**Dataset content**
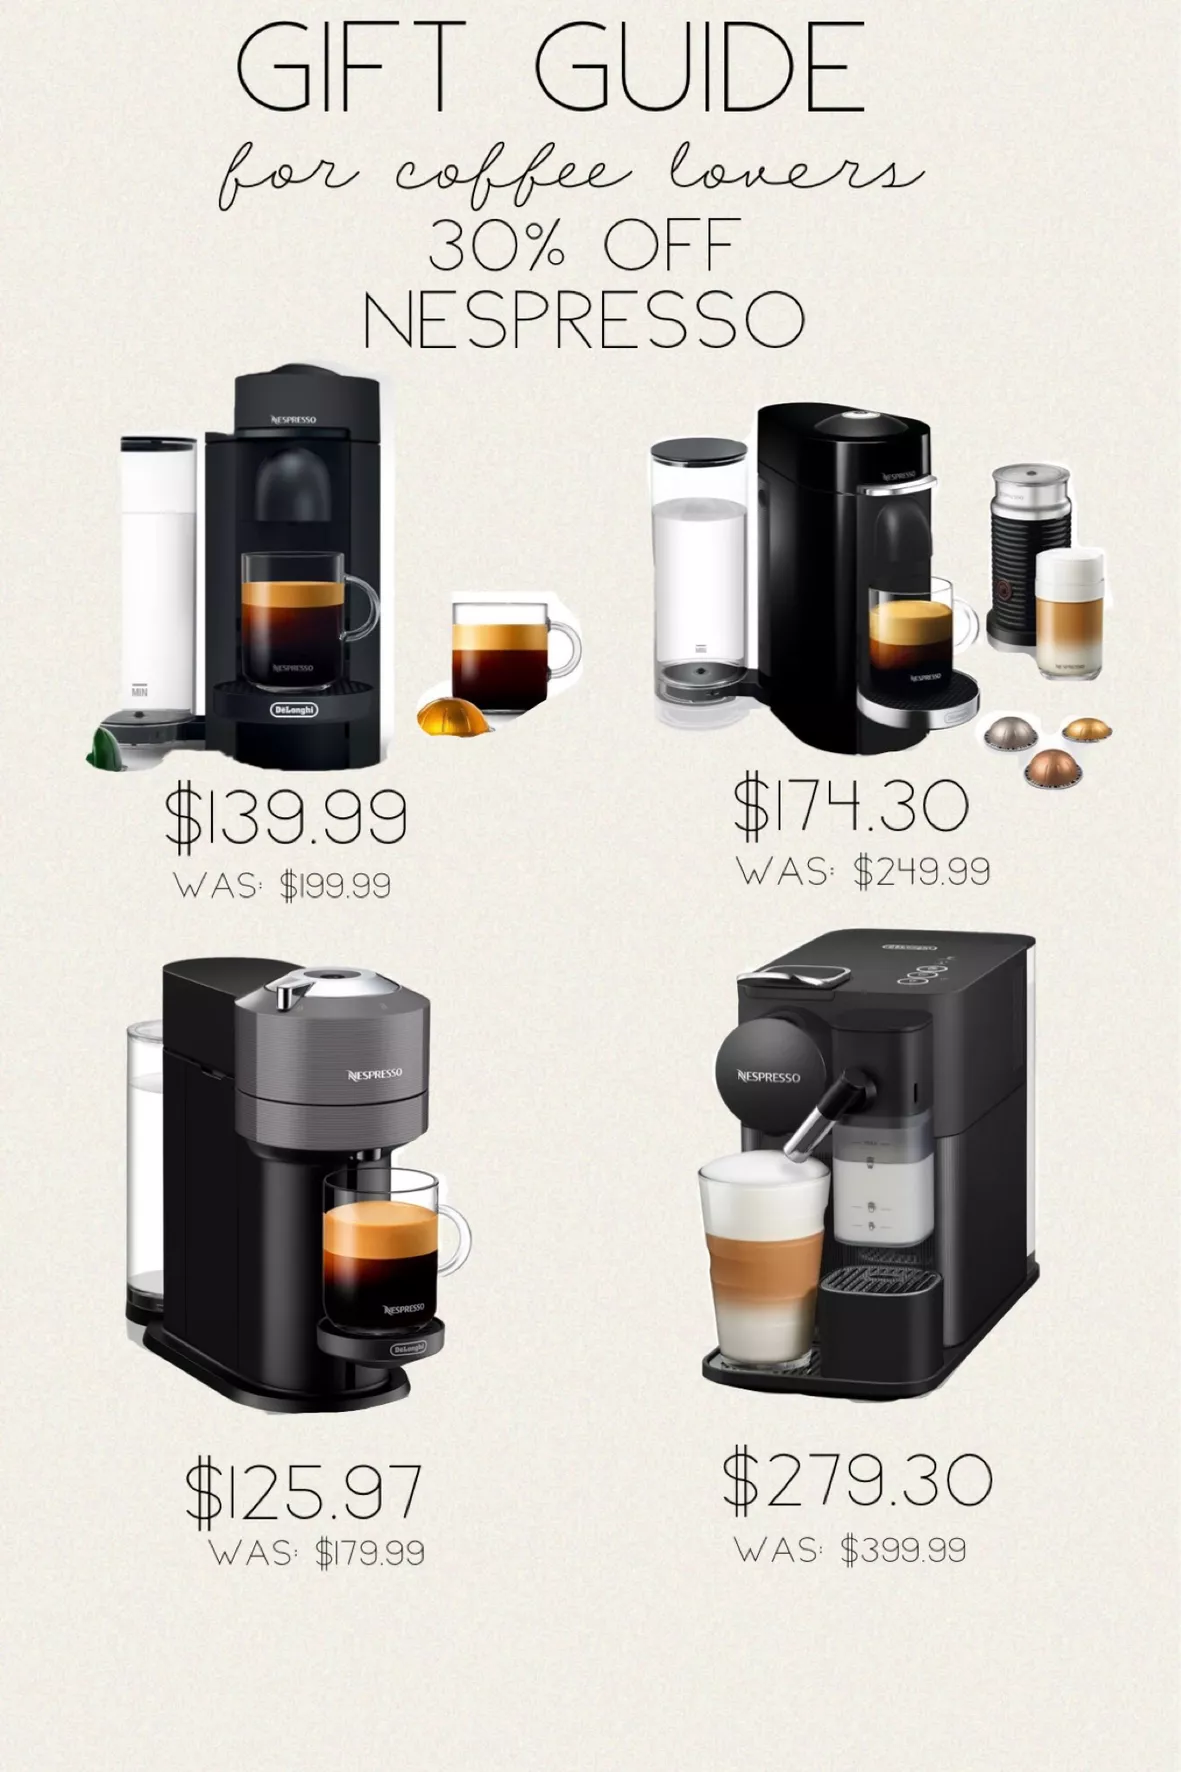 Nespresso VertuoPlus Coffee Maker and Espresso Machine by DeLonghi Black  Matte
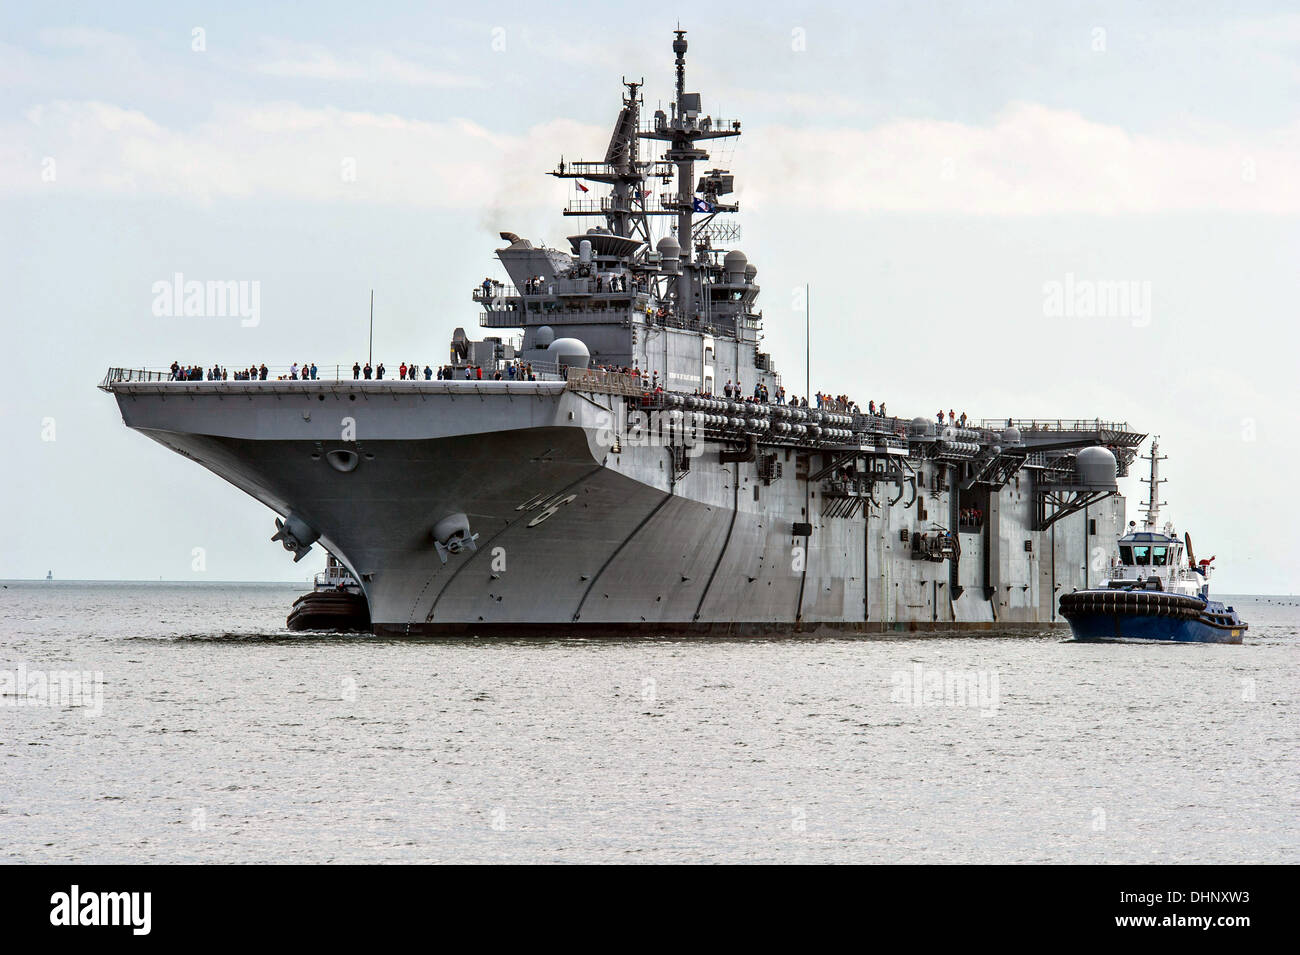 La US Navy USS Latina vuelve a Huntington Ingalls astillero constructor después de completar las pruebas de mar previas a la puesta en marcha el 9 de noviembre de 2013 en Pascagoula, MS. Los Estados Unidos será el primer barco de su clase, en reemplazo de la clase Tarawa de buques de asalto anfibio. Foto de stock
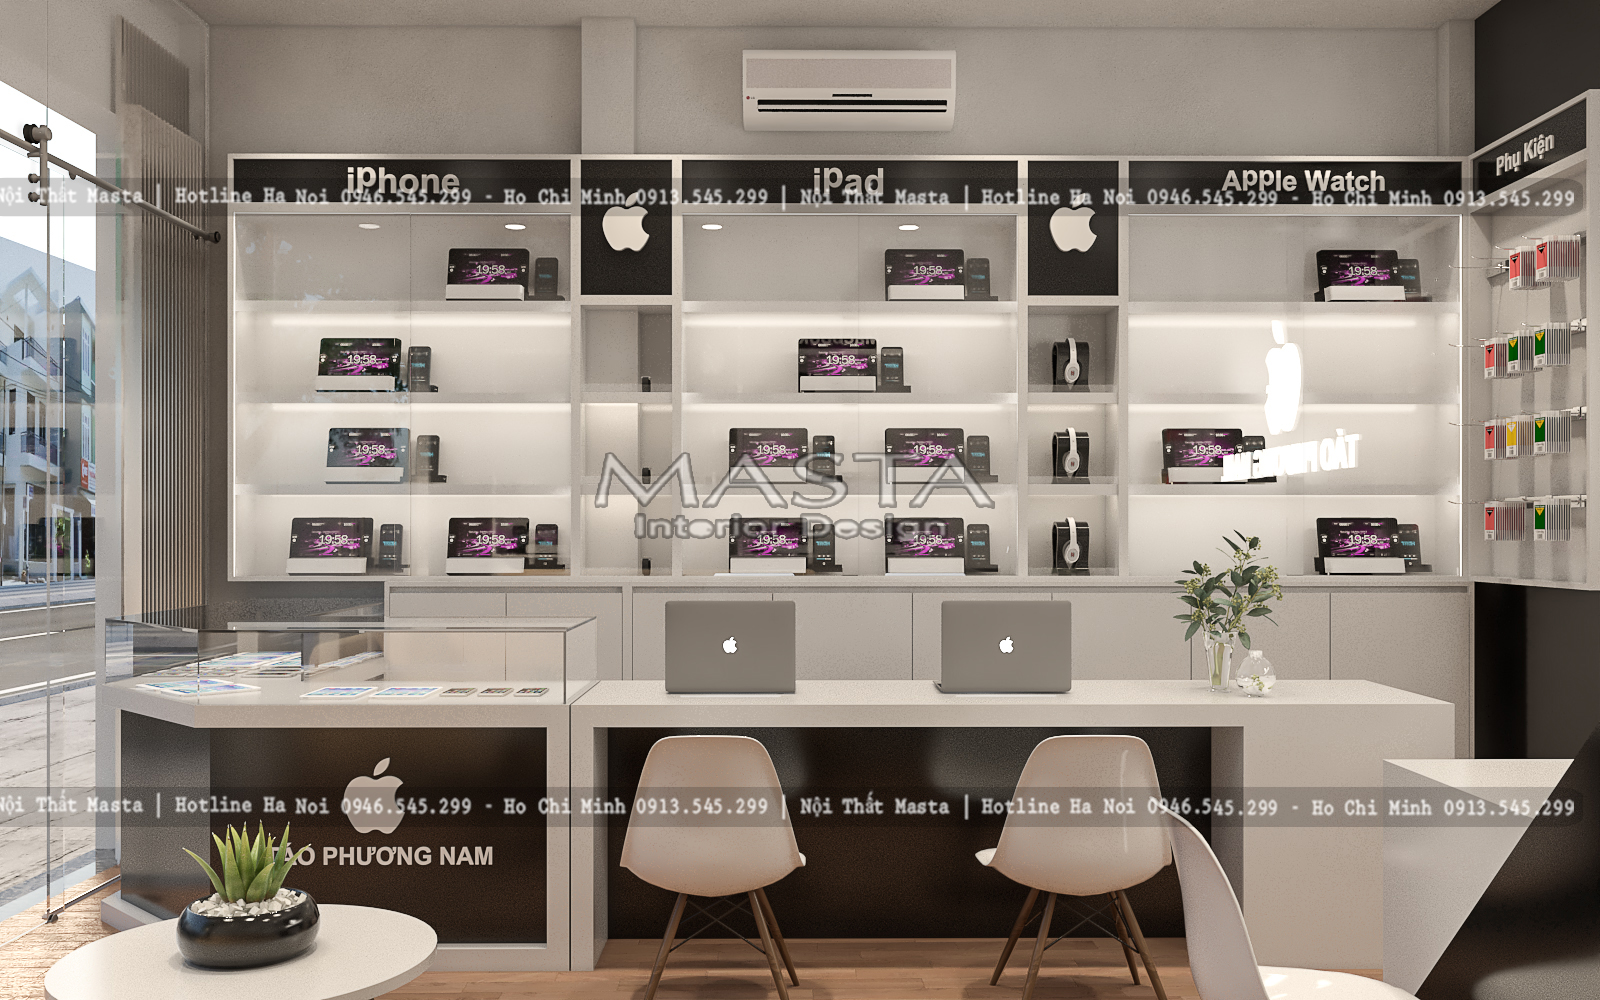 Thiết kế shop điện thoại Táo Phương Nam

**Exercise aim**
Skipping the images, write out the whole listing exactly.

**Response for this exercise**
 Nespresso VertuoPlus Coffee Maker and Espresso Machine by DeLonghi Black  Matte
 La US Navy USS Latina vuelve a Huntington Ingalls astillero constructor después de completar las pruebas de mar previas a la puesta en marcha el 9 de noviembre de 2013 en Pascagoula, MS. Los Estados Unidos será el primer barco de su clase, en reemplazo de la clase Tarawa de buques de asalto anfibio. Foto de stock
 Thiết kế shop điện thoại Táo Phương Nam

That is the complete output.